Vatmaar is divided into over sixty short vignettes. They all interrelate, as do the characters themselves. The stories told are stories within stories and the writing does leaps and turns upon itself in bringing out a broader tale as rich in idiosyncrasies and pathos as it is in documenting a South Africa from within.


Set just prior to the turn of the twentieth century, Vatmaar began as a settlement, and something that presented the option of home for the book’s first narrator, Ta Vuurmaak, a person of Griqua heritage, coerced to help in the Anglo-Boer War, and given a disused water tank after the War’s end. This water tank becomes his house, and the setting for many of the stories told in the first third of the book. The stories are placed in the mouth of Oom Chai, another elder of the community. They are structured historically and are presented as tales told to the young boys of Vatmaar. But as the novel unfolds and the reader is introduced, by way of incident, story and anecdote, to many of these boys and their families and how they came to live at Vatmaar, we look beyond what Ta Vuurmaak had to offer, because Vatmaar is an organism, something that began to grow and multiply as soon as Ta Vuurmaak called it ‘home’. Indeed, towards the middle of the book, both elders die, but the stories continue in different voices.

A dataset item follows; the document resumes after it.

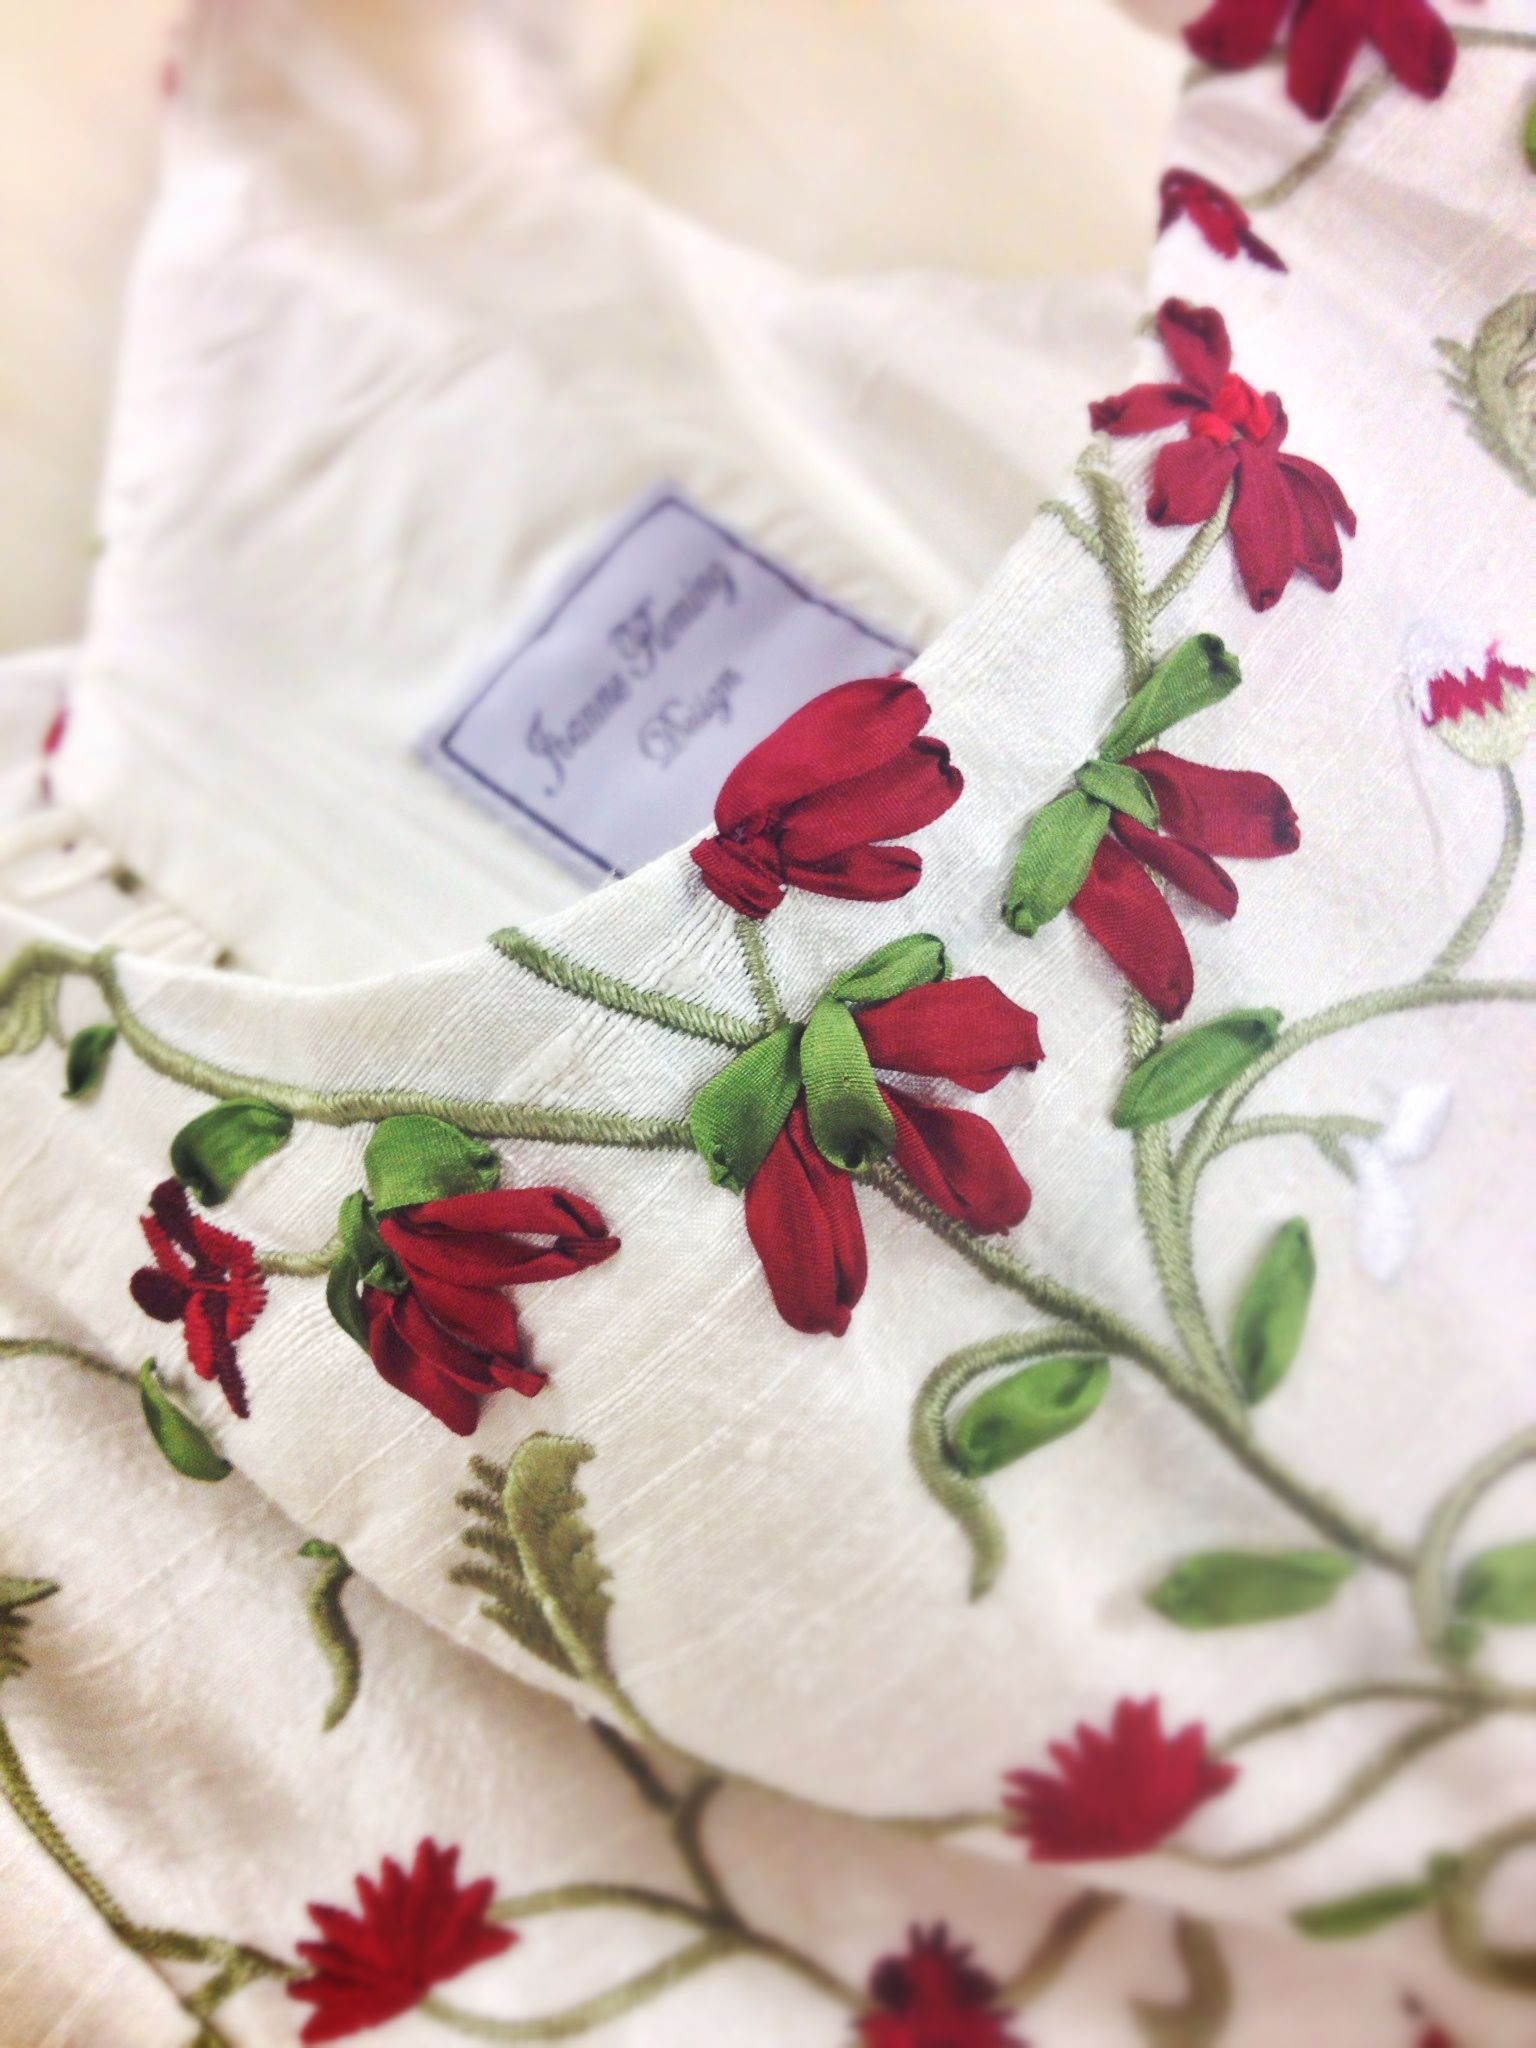 Ribbon embroidery bedspread designs - Claret Silk Ribbon Embroidery

This book is unputdownable, not because it has an exciting plot, but because of how it is told. The reader becomes a part of the dynamic of the community and its concerns and foibles, lusts and tears. The consummate skill with which it has been translated from the original Afrikaans is such that the local accent of the people is present in its English reading. Indeed Vatmaar is like a soap opera, but a gritty unpolished one, devoid of the niceties that make narrative conform to expectations, but full of the kind of beauty that warms an outsider to them: “Ugly faces there were none, and they always treated a stranger with respect”. And so we read of the problematic but happy marriage between Lance-Corporal George Lewis and his black wife Ruth; of Tant Vonnie, originally of German stock whose life turns the full circle; of gentle but wily Sis Bet who established herself and Oom Flip in Vatmaar through a certain amount of ducking and diving around white-imposed law and white folly and bigotry; of Chan Lee, who cashed in on the illegal lottery game of fahfee and became a rich and prosperous well-respected man; and Kaaitjie, who dies in childhood and of a broken heart at the age of 22, because her white madam was recalcitrant in the passing on of a message. The many characters that populate the pages of this book are extremely colourful and splendidly articulated. They proliferate and develop in the nooks and crannies of a South African landscape, but this book is a great rollicking feast of their circumnavigations, their plots, their realities, more than the backdrop of Africa behind them.


This is not an exercise in propaganda on any level. No holds are barred and the reader is exposed to many different kinds of social pain and injustice inflicted — sometimes with retribution, and sometimes without; sometimes from within the community, and sometimes from without. Indeed the deepest pathos of Vatmaar is the reality from which it draws. South Africa may be freshly emergent as a new democracy, but still it remains with much of the stigma of racial prejudice, social injustice, unemployment and crime. A Place Called Vatmaar is a Dickensian foray into an undocumented terrain. It is a positive, moving, real account of the complex and streetwise creature that constitutes the mavericks in South African society: the people who are given untenable circumstances but who use them wisely and creatively in constructing a life.